- Teaches filmmaking at Harvard University's Visual and Environmental Studies Department. [2005]
- Graduated from University of California at Berkeley.
- Went to graduate school at MIT.
- Lived in New York City in 1974.
- The truth is, we should do that for every point in our lives that we're at -- we shouldn't be looking forward to our "real life" once we get married, or once we find jobs, or once something else happens. People today in their 20s, I think, have often given up their present for something intangible in the future.
- The question I'd like to ask is, how come a little film like mine is on the screen? Five years ago, I don't think it would be. I think this "real-story" thing does signal something. I think what's happening now is that people seem to want the experience seeing nonfiction film on the screen in a collective way, in an experience like that we all crave with fiction. I don't really like seeing films at home on my VCR; I can't see anything that way I really care about, unless I'm studying it. Earlier, documentaries were seen on TV exclusively; except for the very occasional documentary, you couldn't go to the movies and see them. Now you can; at any time there's like two to five documentaries on the screen now in most cities. I don't think I've ever seen that before.

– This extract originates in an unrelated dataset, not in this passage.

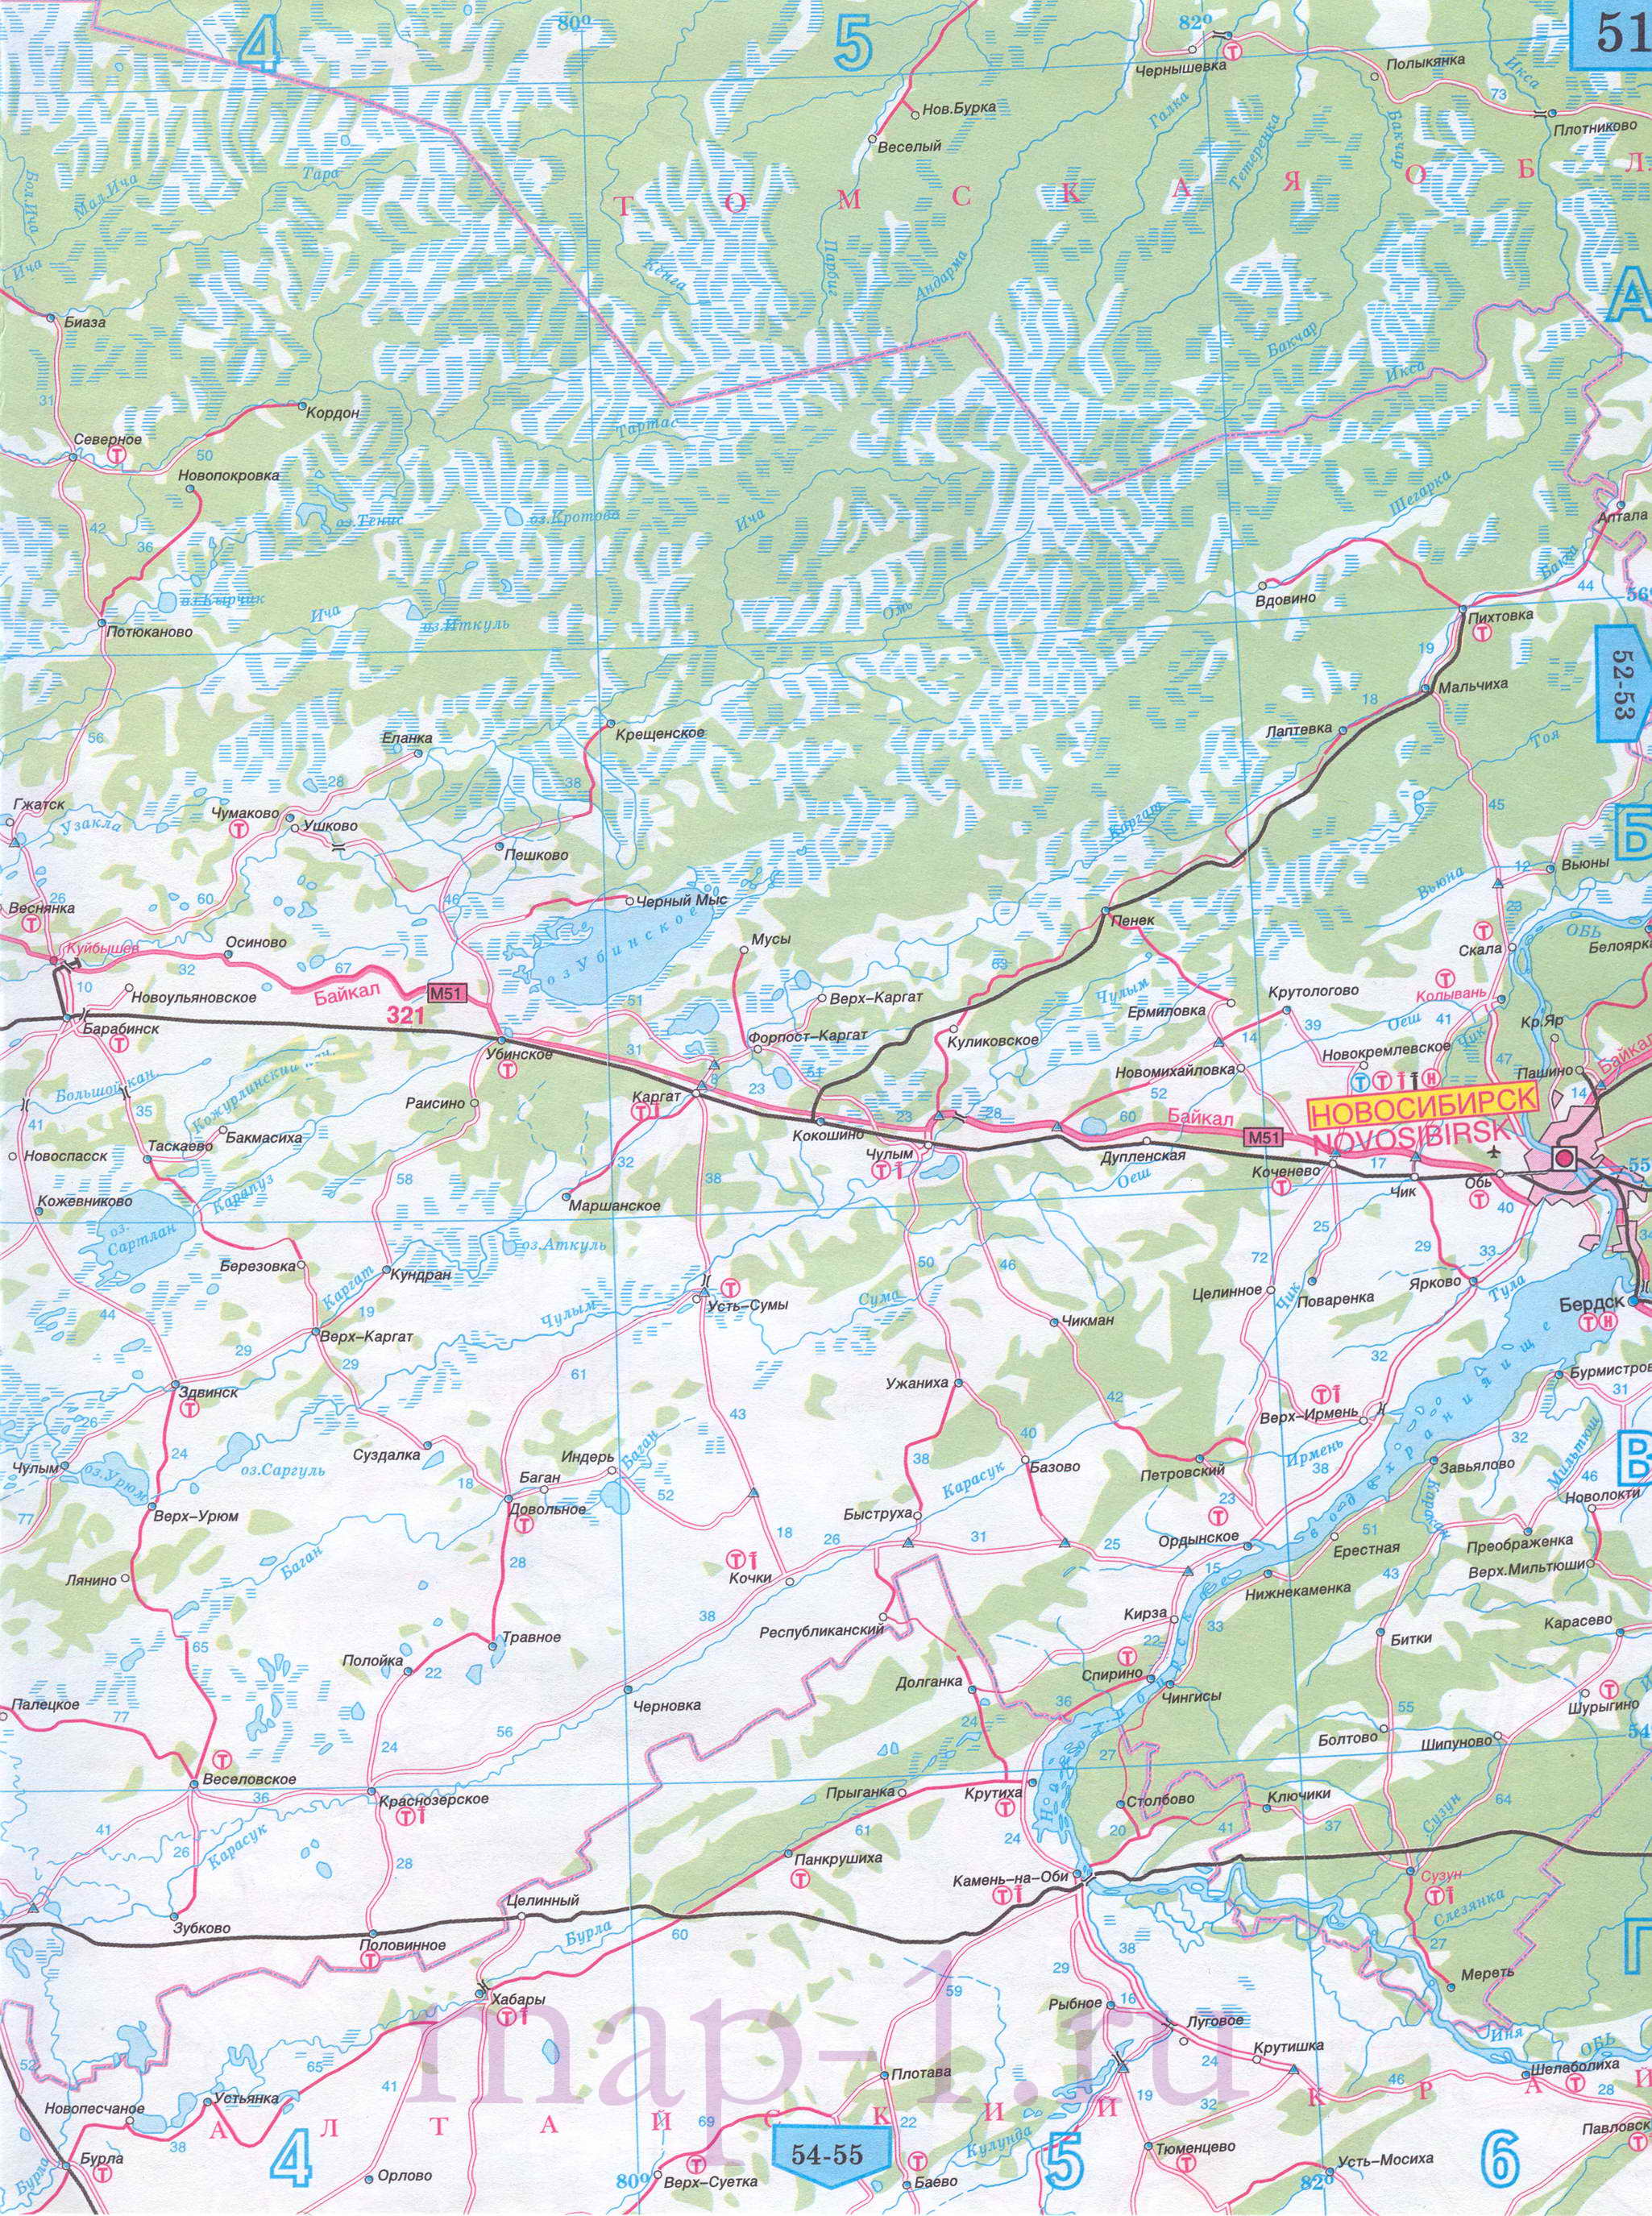 Карта Новосибирской области автомобильная. Подробная карта автомобильных дорог Новосибирской области, масштаб 1см:15км, B0 -

- Our multicultural society, which I'm all for, has produced a series of ripples about our sense of what's real, what's important, how we define ourselves, what's our identity, what's actuality. And the battleground for all this, in a way, is in nonfiction filmmaking; nonfiction filmmaking is the front-line for this engagement with actuality. Whether people are aware of this or not, there's a way in which seeing that engagement on the screen collectively and discussing it afterward helps us think about the world around us.
- I think this insight that documentaries are in some way serving a similar purpose to foreign films in the 60s and 70s -- I think that's really good. That they're more corporeal, they're closer to the vest, they're more personal as well, they speak to the moment in a way that Hollywood has kind of lost track of. Hollywood's not always lost track of the moment; sometimes there are periods in Hollywood that are very much in the Zeitgeist. But you're saying documentaries are doing something of that now, doing something about it--maybe something about our bodies that European films seemed to do in the 70s, presenting our bodies in different kinds of ways. That's pretty interesting and may be a good way to think about it.